* [The task]:
Any images in the material are to be dropped while every line is retyped exactly.

====== Information provided ======

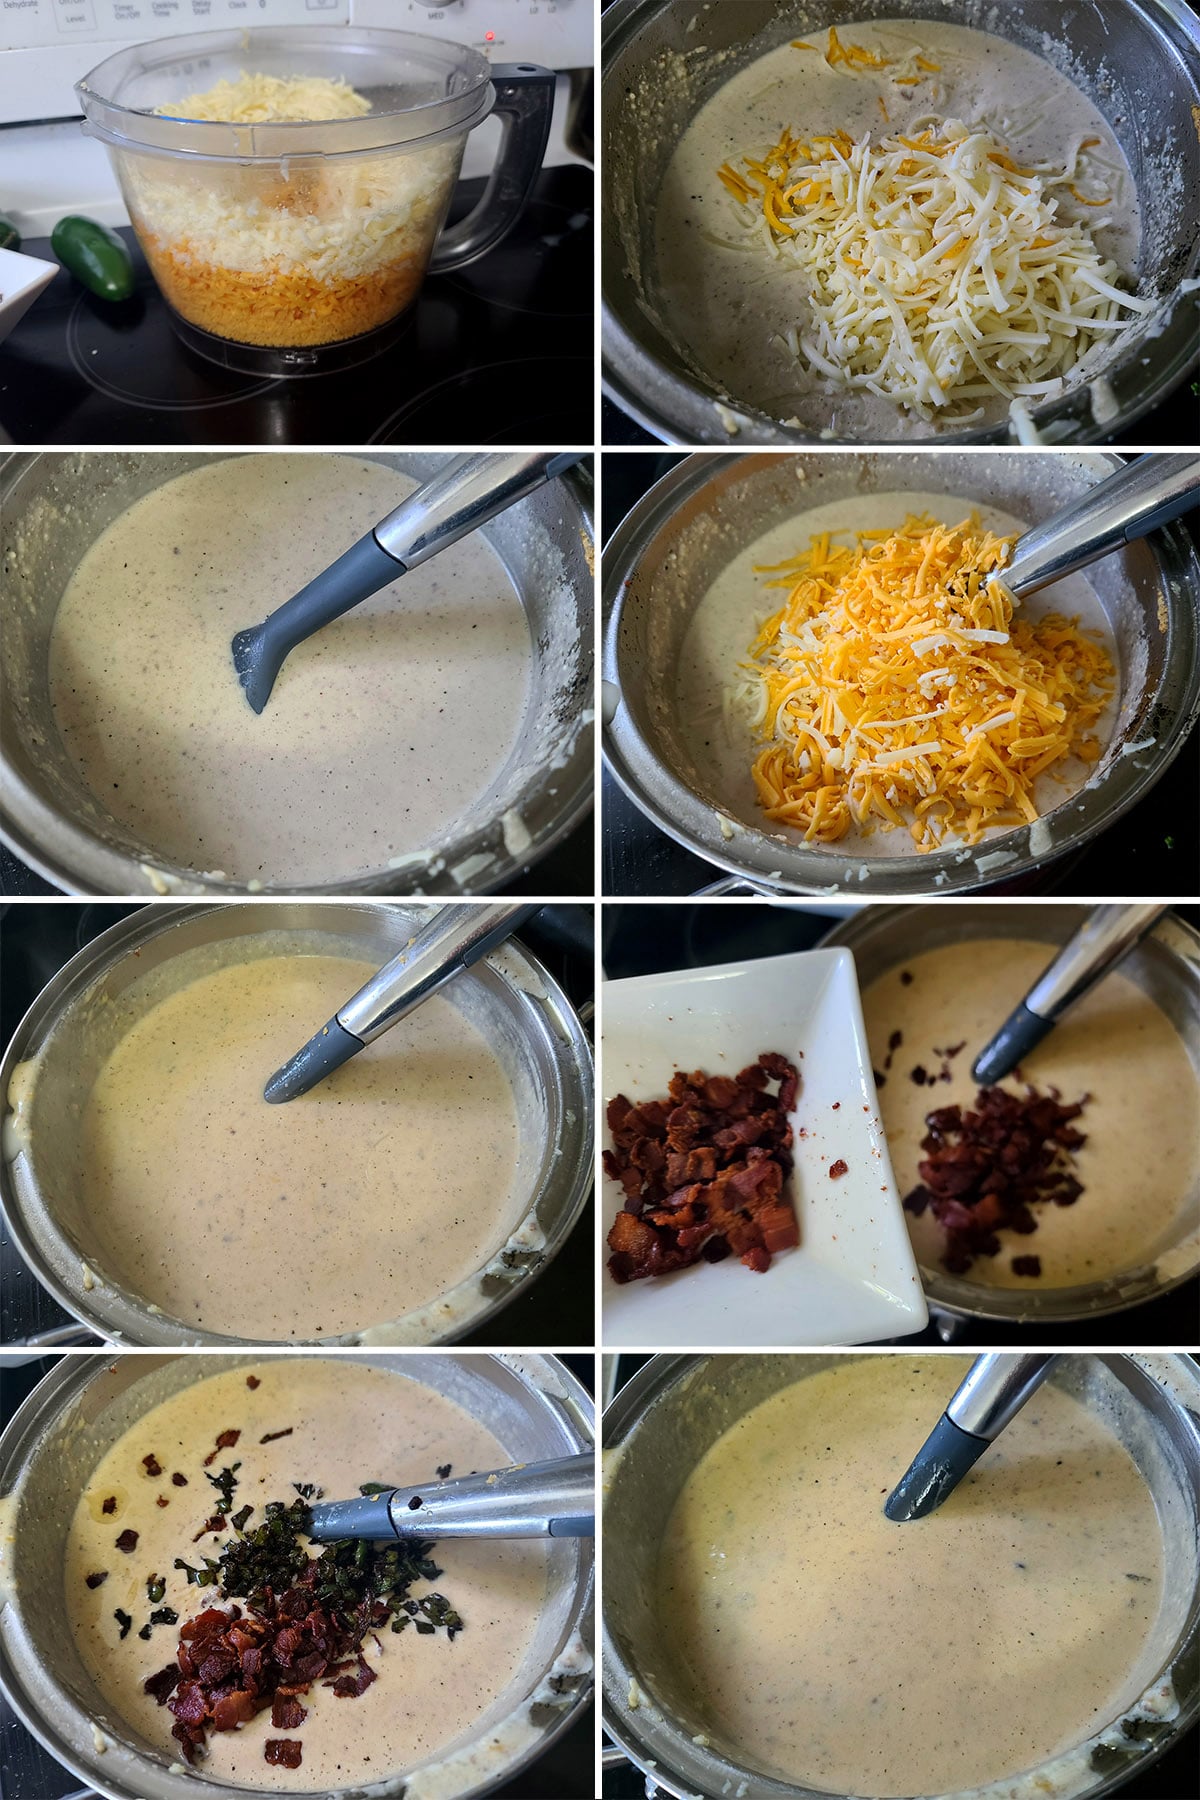 An 8 part image showing cheese being added to the sauce in batches, then the bacon and jalapenos being added to the pot.
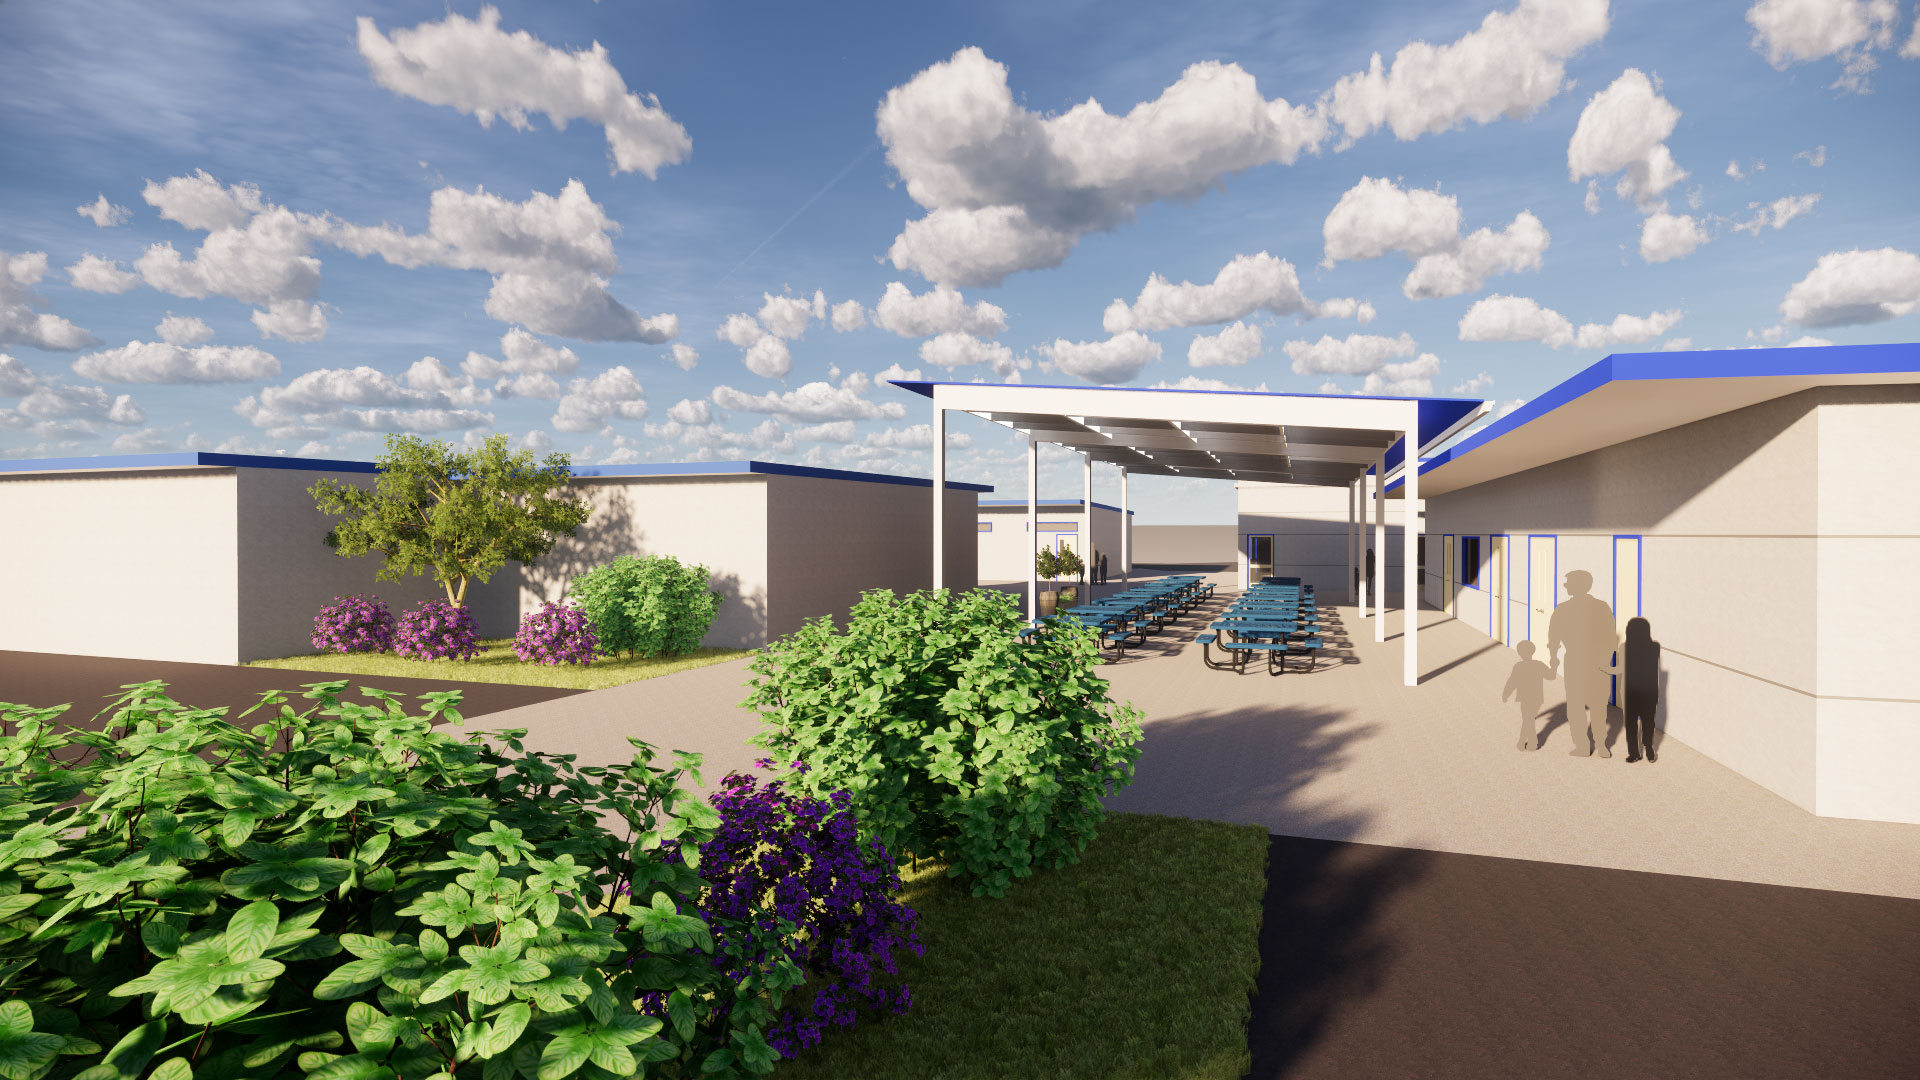 Early render of shade structure, with white poles and supports, with a blue roof, over lunch tables.
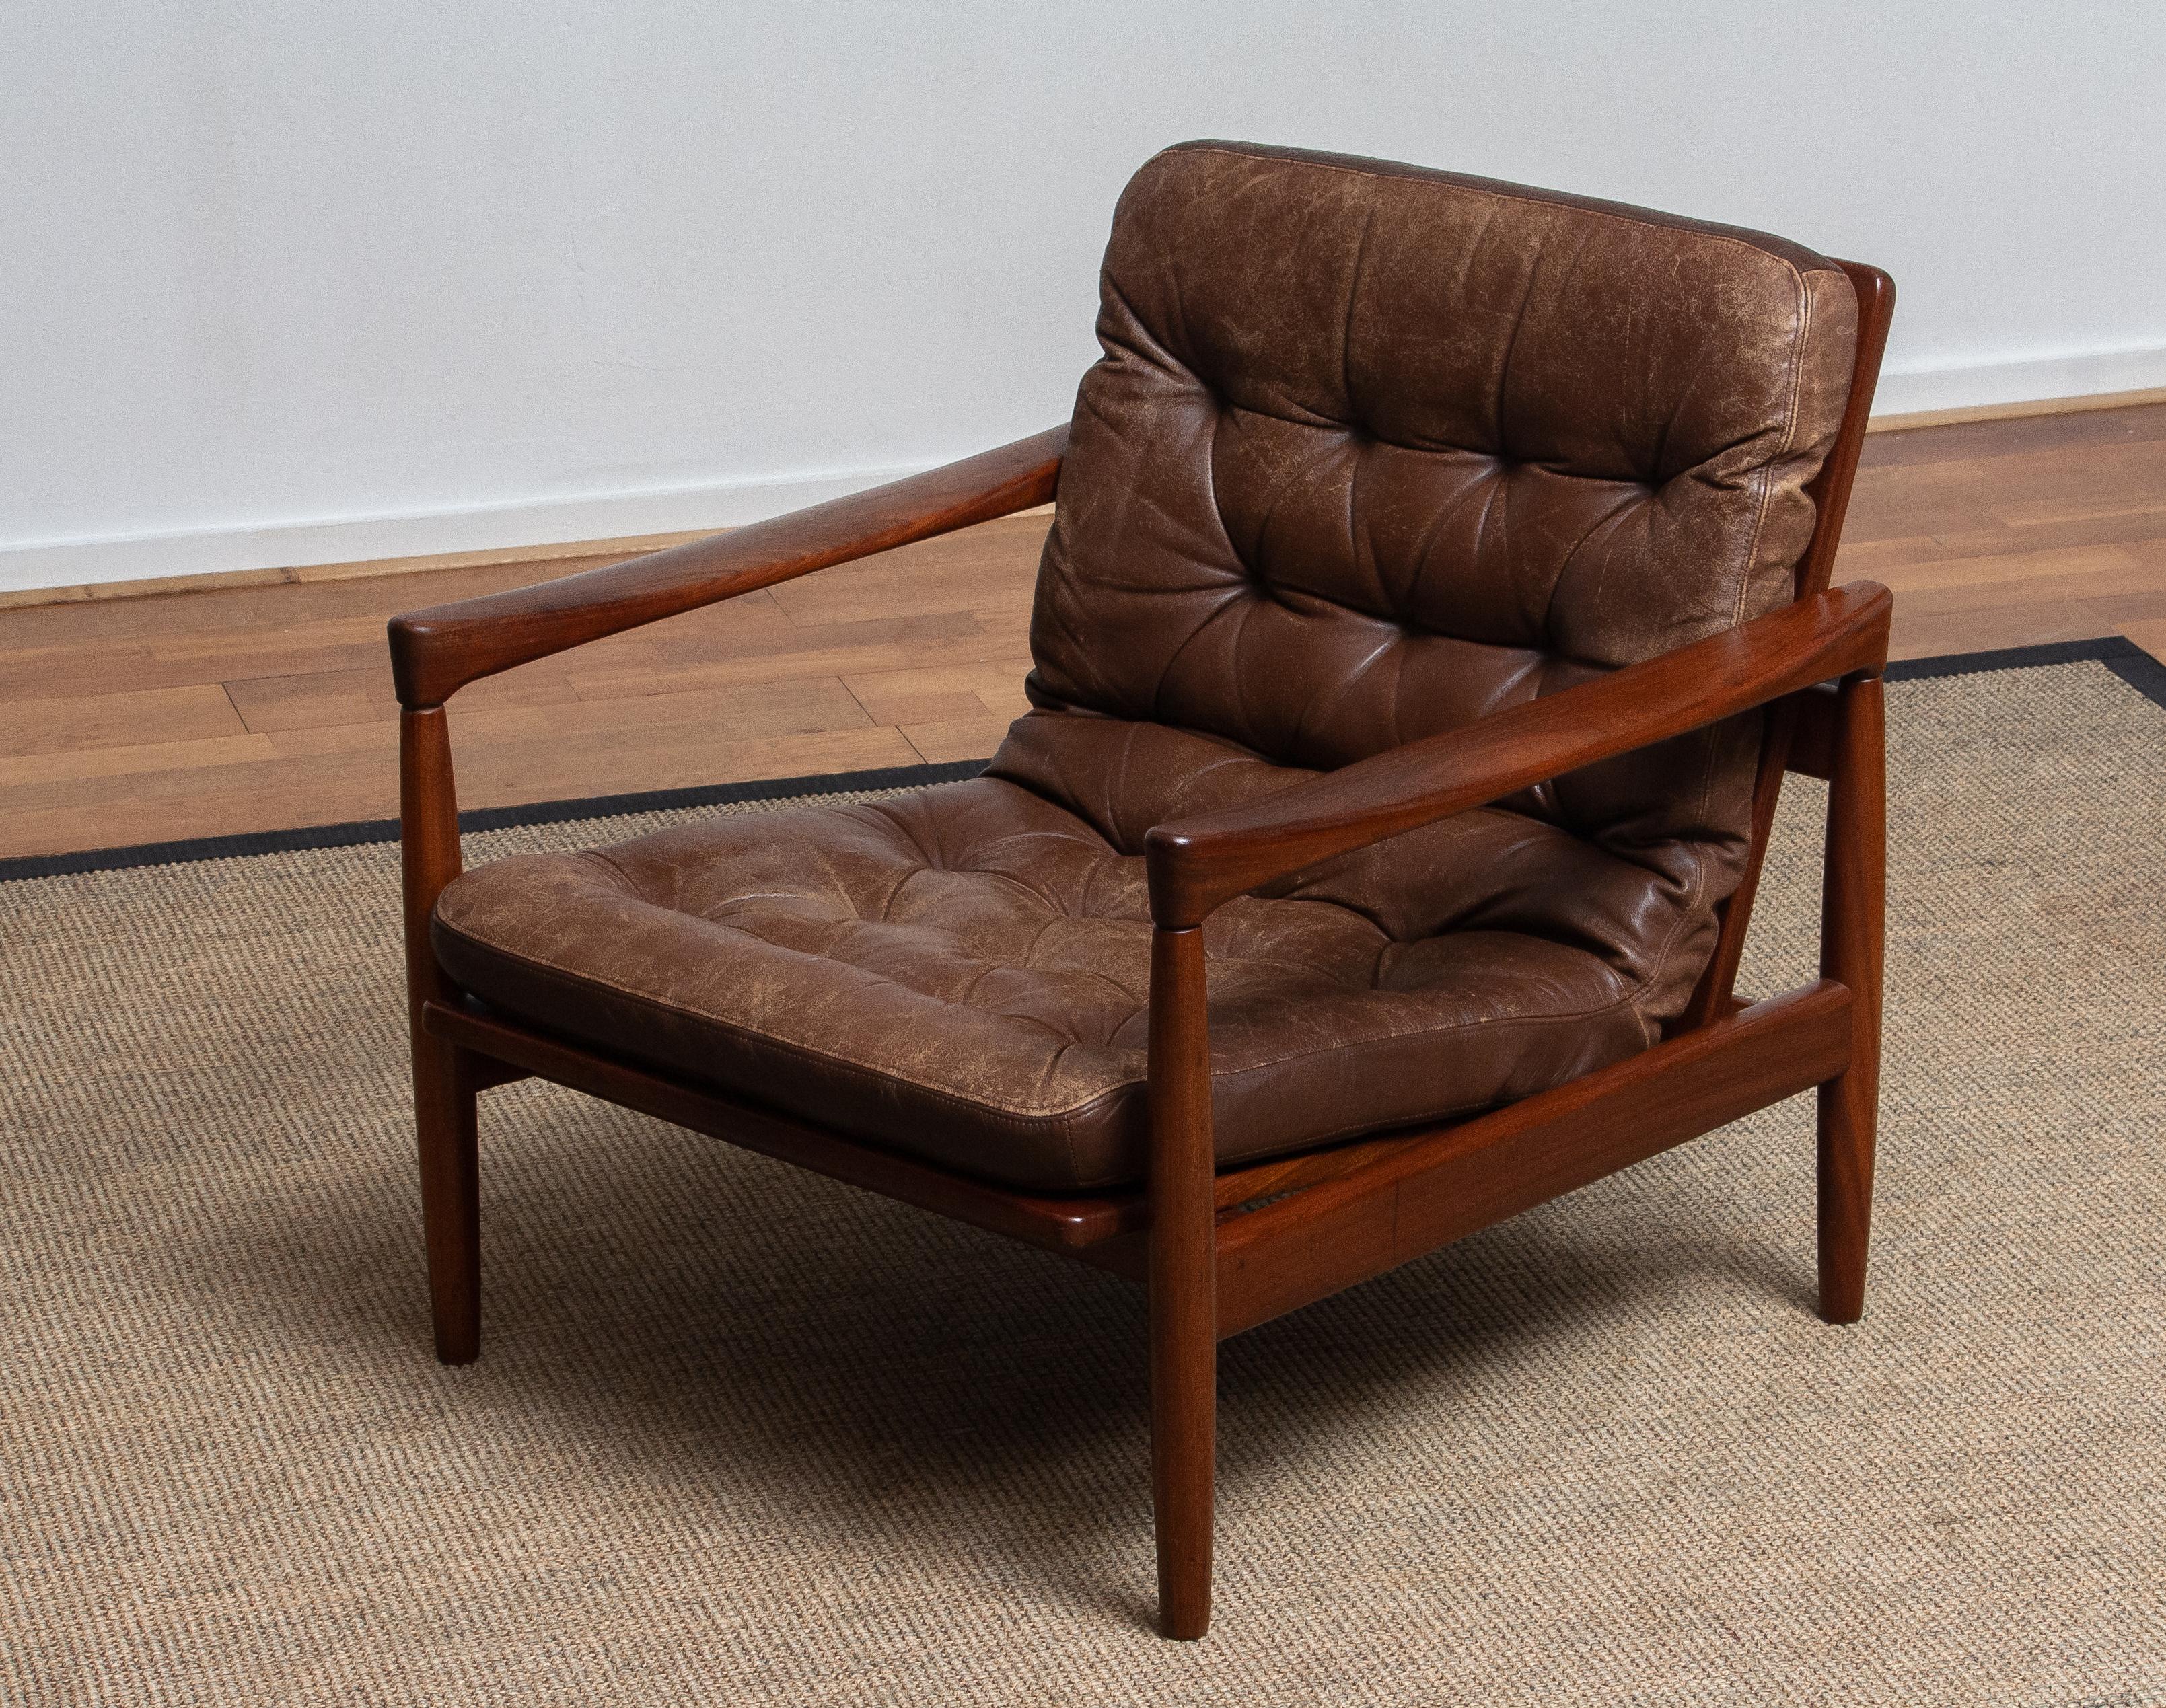 Mid-20th Century 1960s, Teak and Brown Leather Lounge Chair by Erik Wörtz for Bröderna Anderssons

======

* [Exercise result]:
 An 8 part image showing cheese being added to the sauce in batches, then the bacon and jalapenos being added to the pot.
 Early render of shade structure, with white poles and supports, with a blue roof, over lunch tables.
 Mid-20th Century 1960s, Teak and Brown Leather Lounge Chair by Erik Wörtz for Bröderna Anderssons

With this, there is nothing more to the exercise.